The Sportmax design team, showing one day after Max Mara, kept the same pale color palette as its big sister brand, and opened the display on Friday morning with a series of beige trenchcoats.
Some were sleeveless and boasted multiple collars and lapels, cueing up a collection about oversize tailoring and layering.
Sheer fabrics have been trending in Milan, and every runway seems to have at least one barely-there tube skirt. The Sportmax team, plying a more mannish allure, showed a surfeit of wide and low-slung organza pants with box pleats.
But it was the coats and jackets that stood out as models whisked through a clinical white space, hands shoved into pockets and exuding an aloof, offhand urban cool.

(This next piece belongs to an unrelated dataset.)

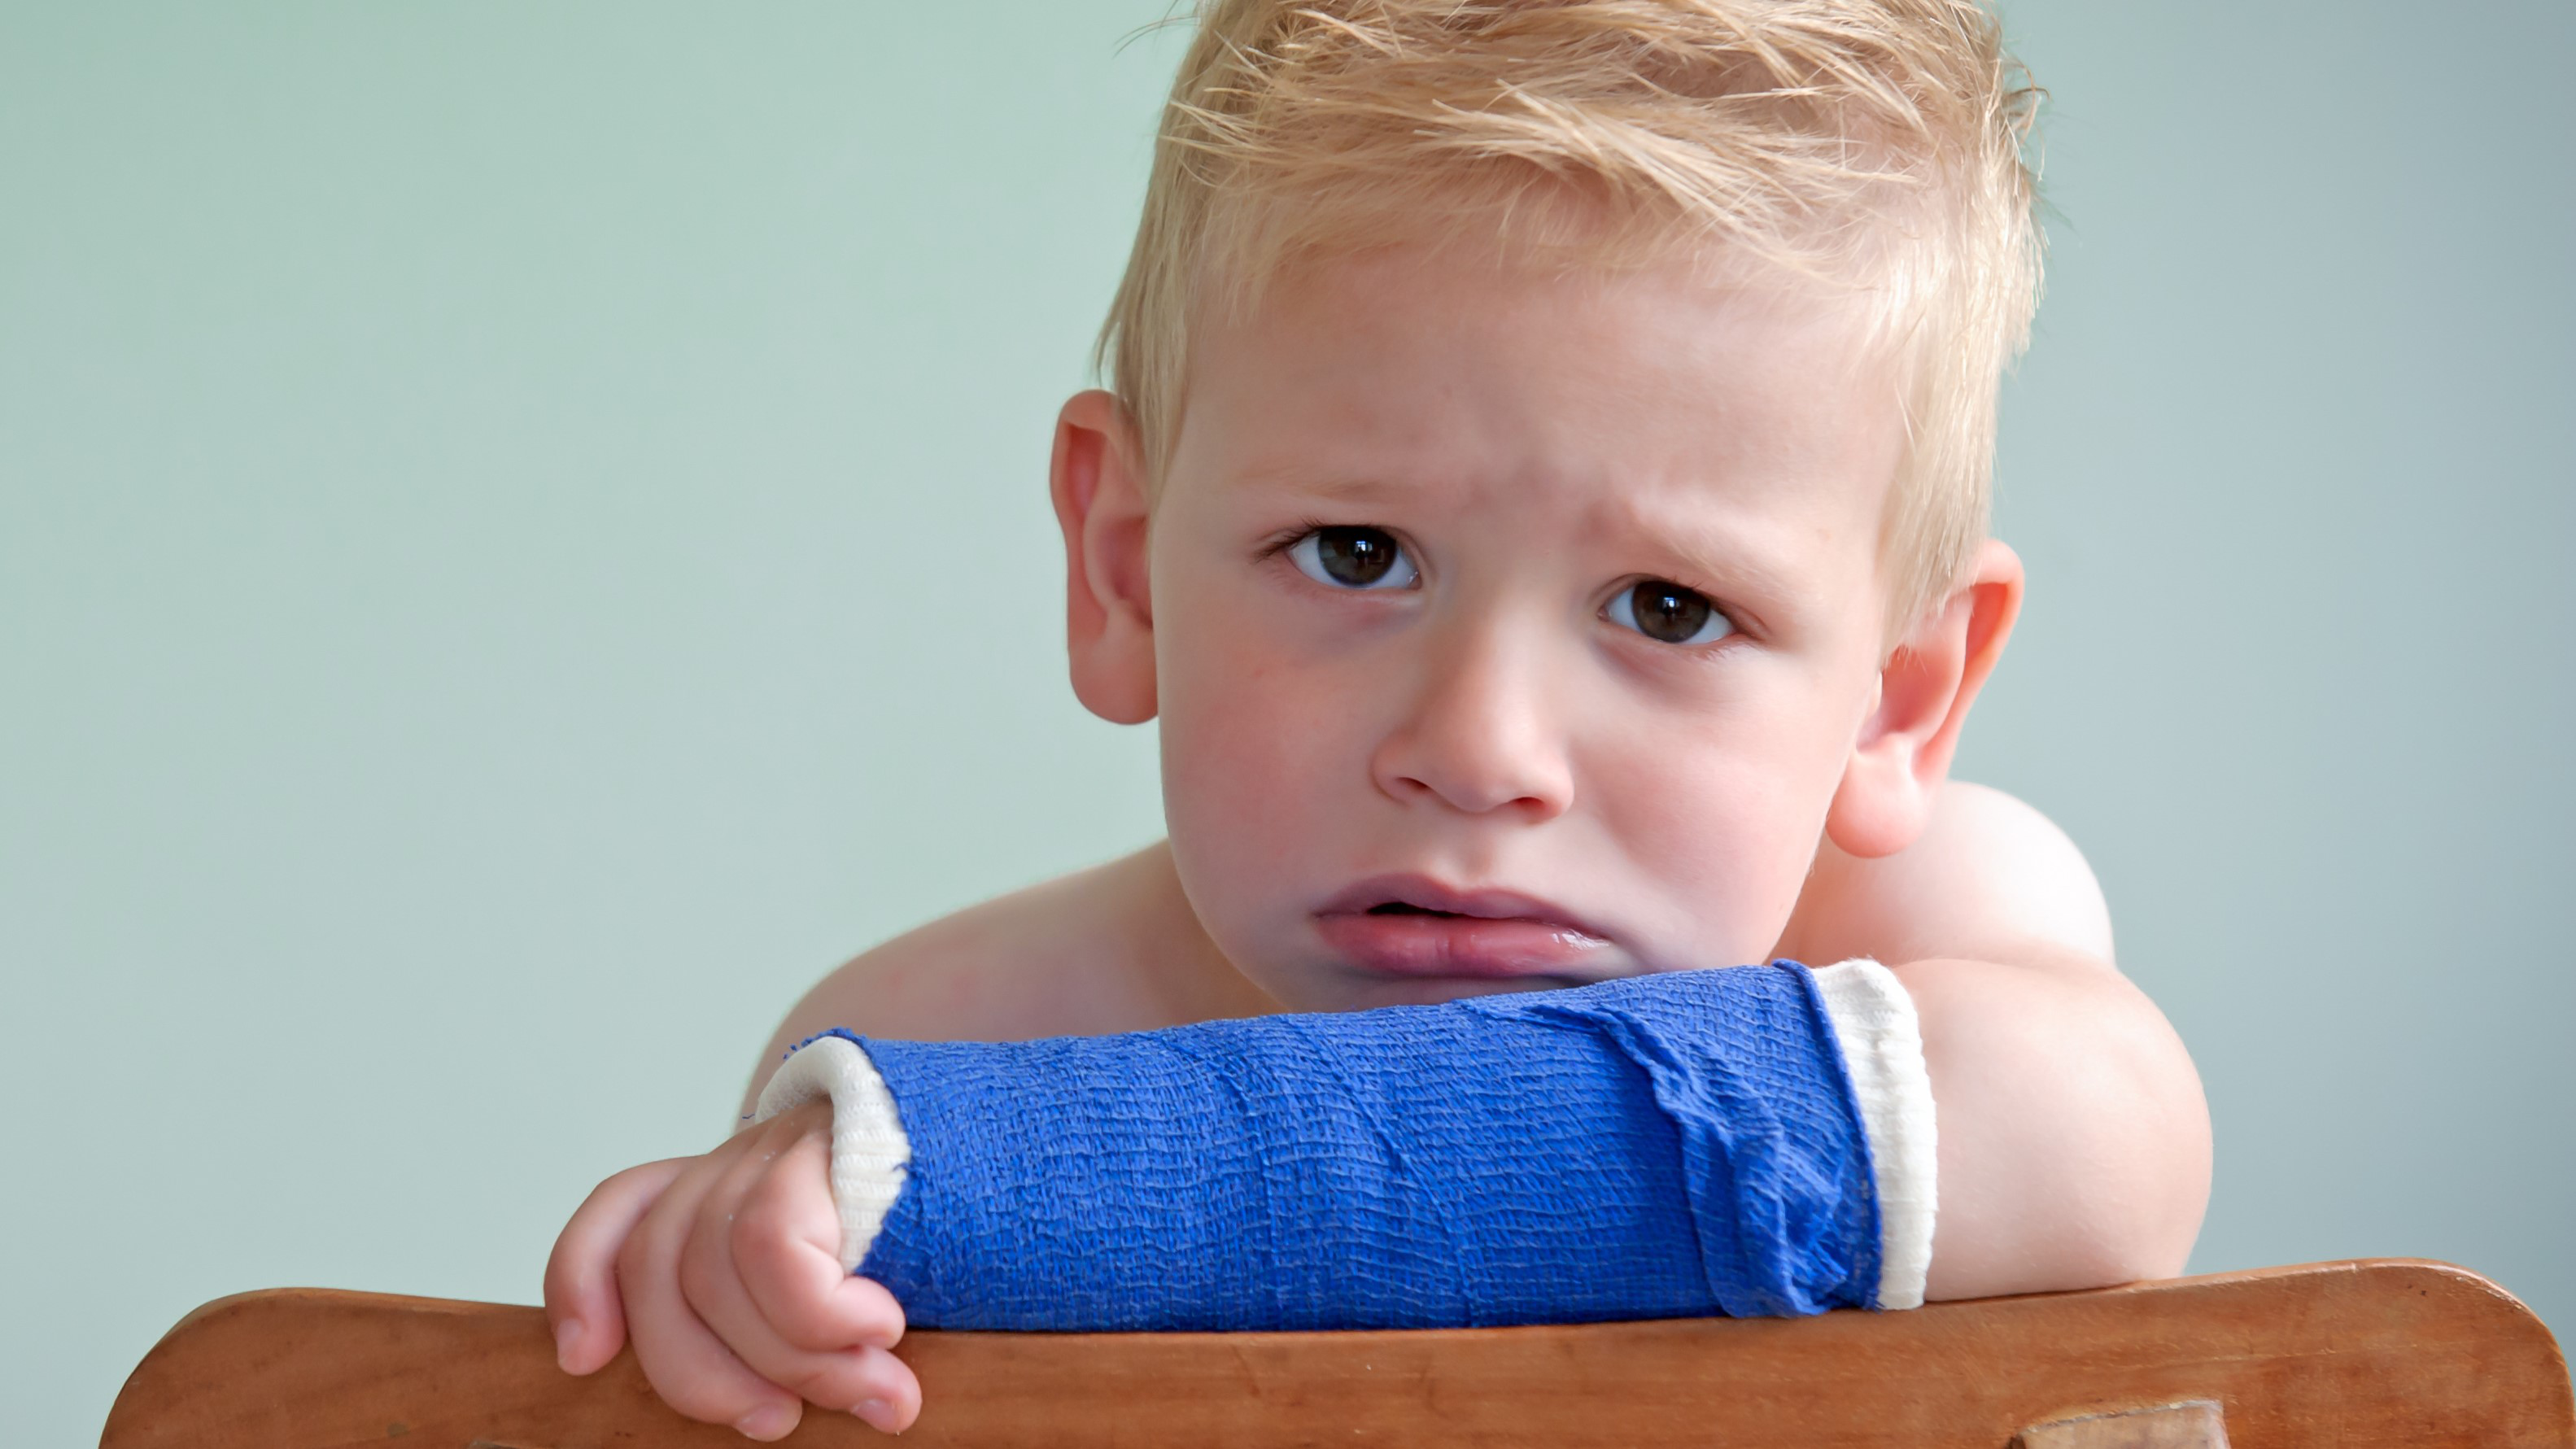 Gãy xương cẳng tay ở trẻ em: Những điều ba mẹ cần biết

Glossy leather coats — part biker jacket, part trench — came hip-length and ankle length, and could be worn with or without the cropped bolero portion. There was something vaguely Claude Montana about them: Ditto the beefy, black cropped bomber jackets with wide shoulders and wide sleeves, and the languid, full-sleeved jeans jacket, worn over super wide denim trousers.

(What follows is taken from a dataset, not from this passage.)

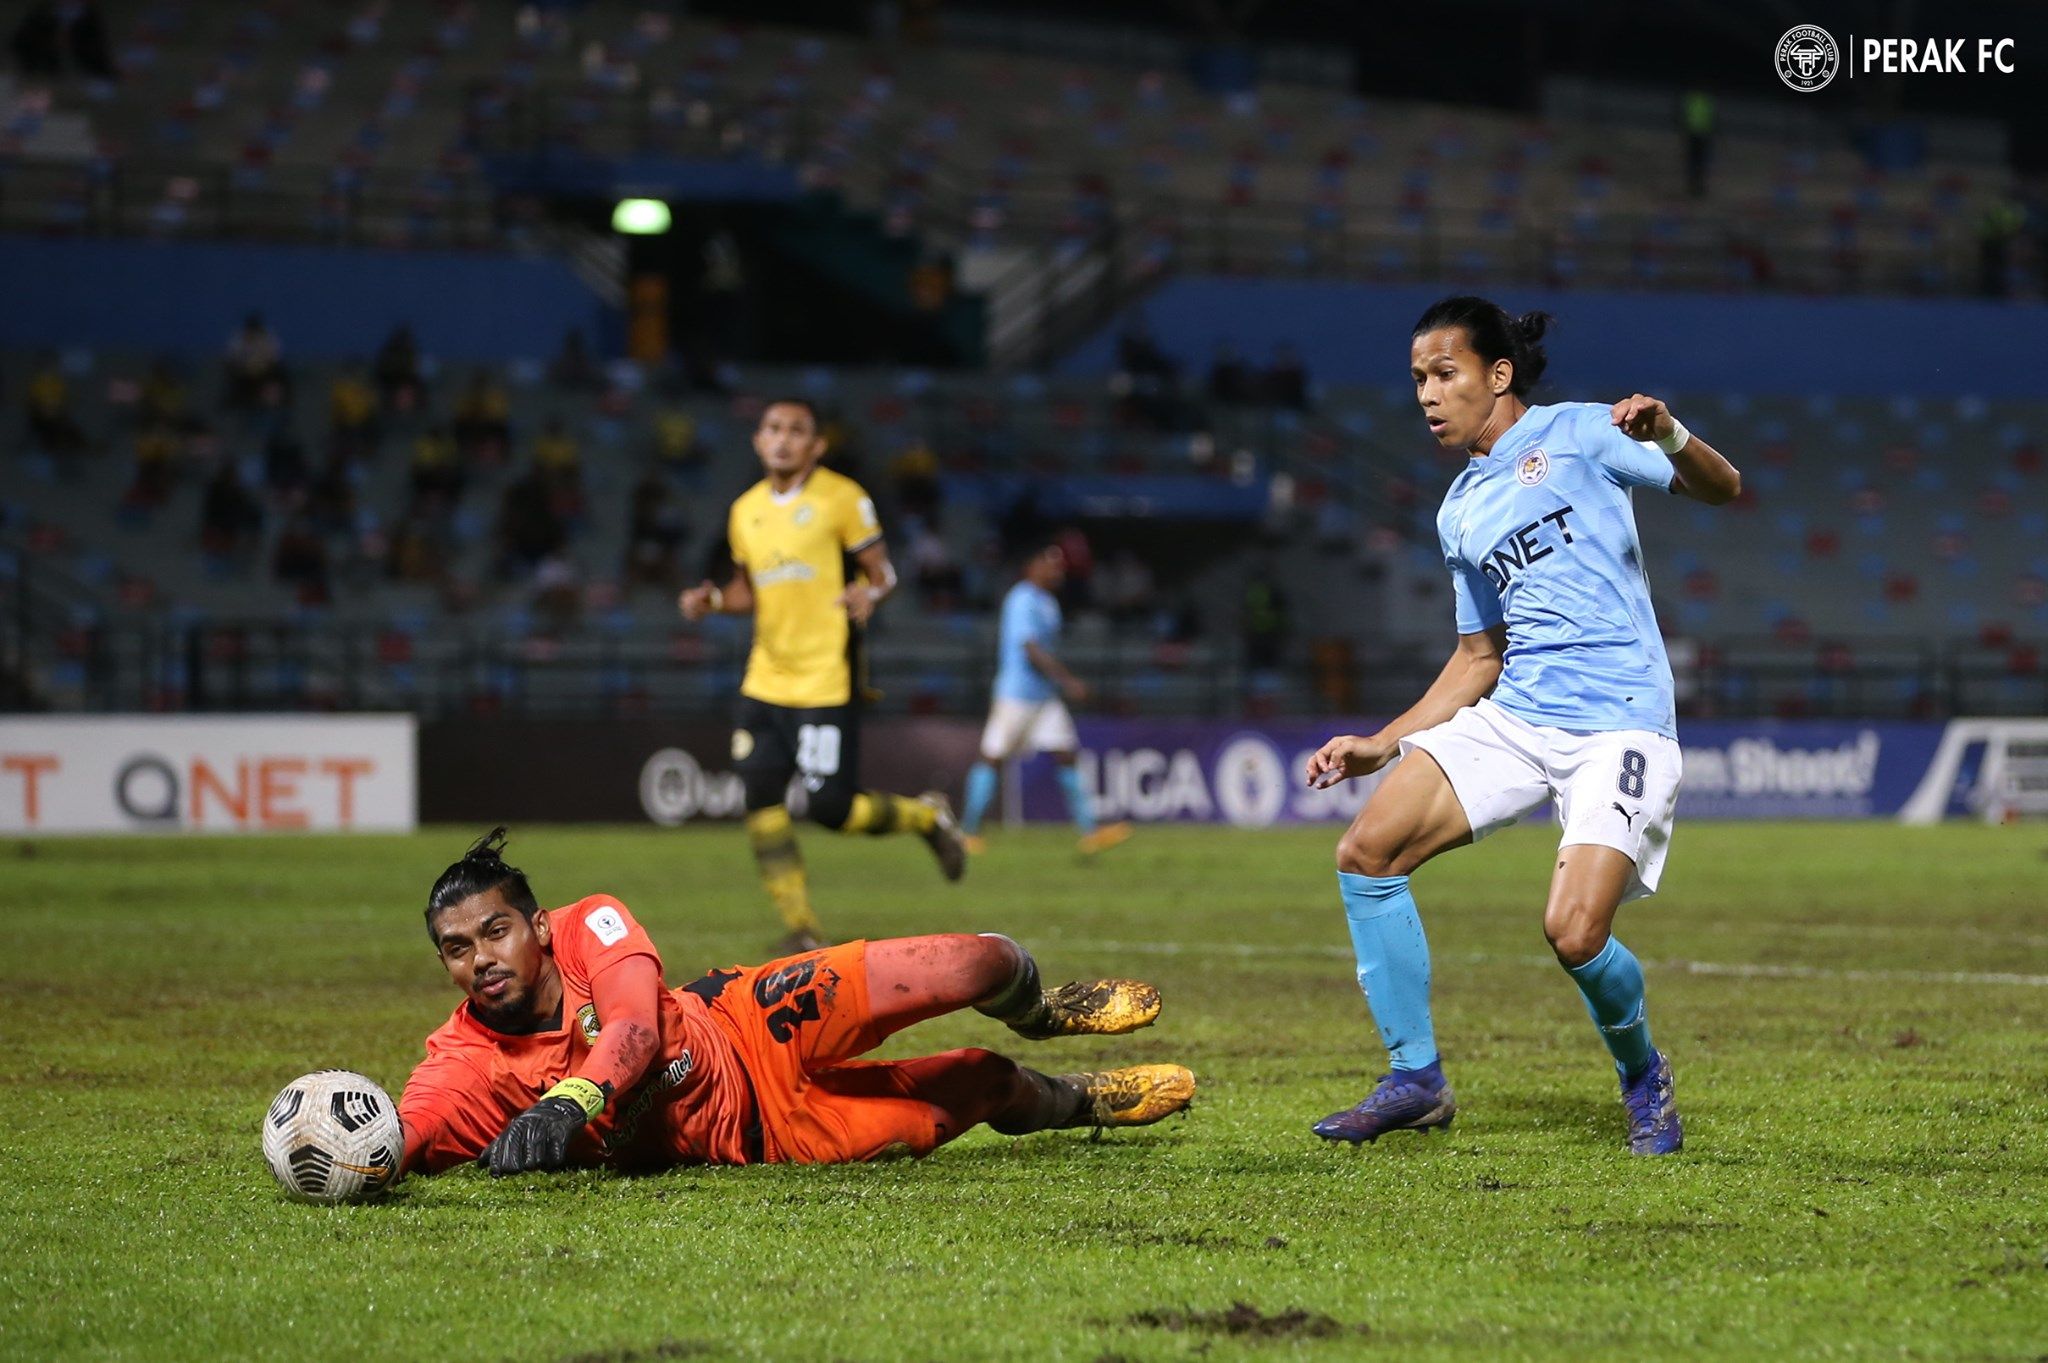 Kiper sekaligus wakil kapten Perak FC, Hafizul Hakim mengamankan bola sontekan dari pemain Petaling Jaya City FC, Khairil Anuar dalam laga Liga Super Malaysia 2021, 5 Mei 2021.

There was a slinky side to this collection, too: Slithery jersey dresses, racer-back silk columns and monastic jersey gowns that were tank-top simple.

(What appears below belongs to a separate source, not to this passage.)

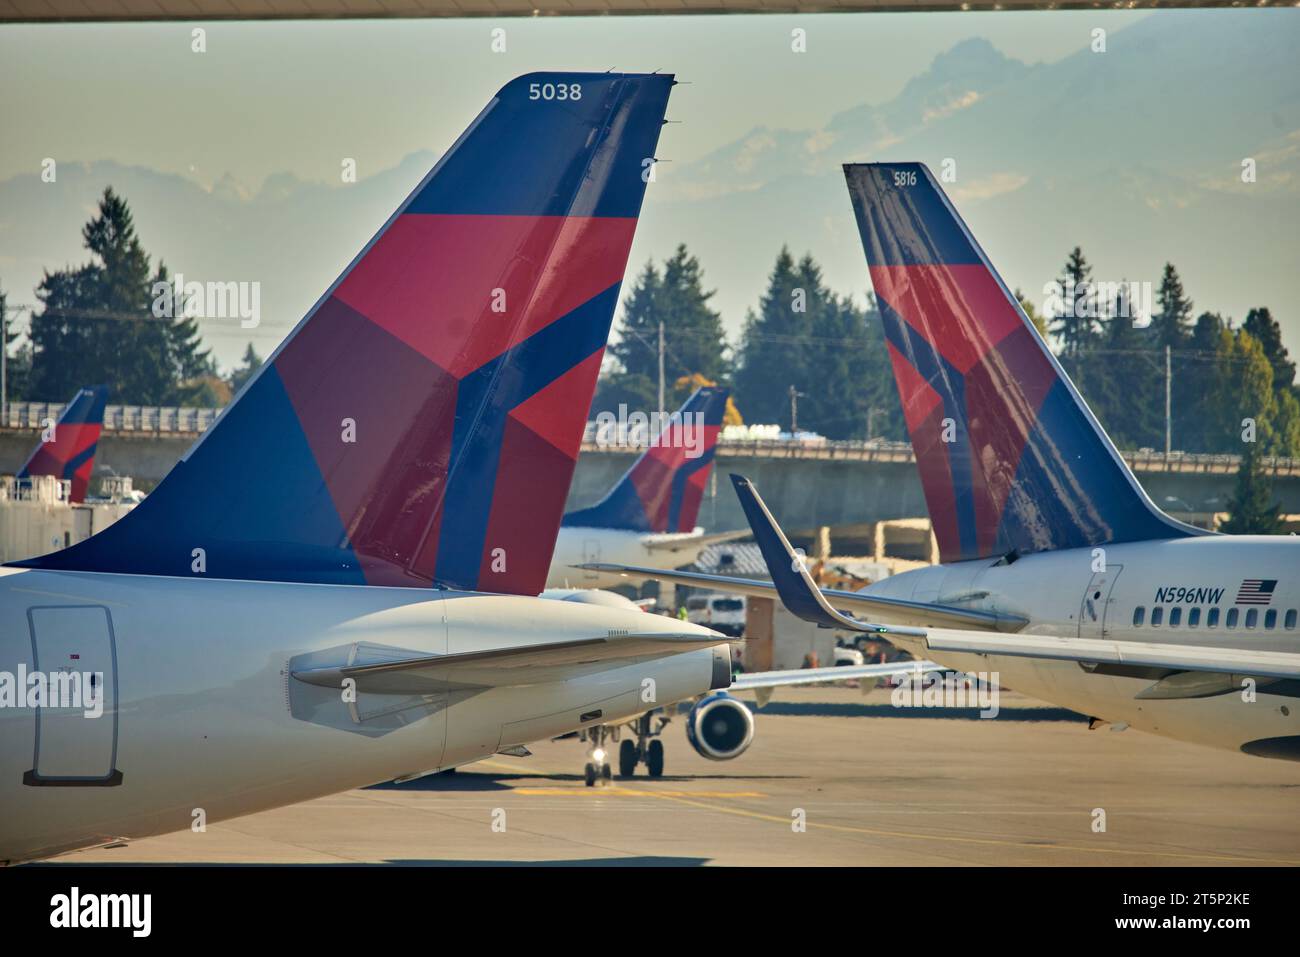 Aeroporto internazionale di Seattle Tacoma, Delta Airplanes, Foto Stock

While most of the collection was plain, botanical prints crept onto some of the silk dresses and hobo bags. According to the show notes, these were “conceived from drawings painted with Japanese cosmetics, liquid lipsticks and nail polishes.”
These painterly florals also appeared on sheer, opera-length gloves, giving the illusion of sleeve tattoos that can simply be tugged off: No lasers required.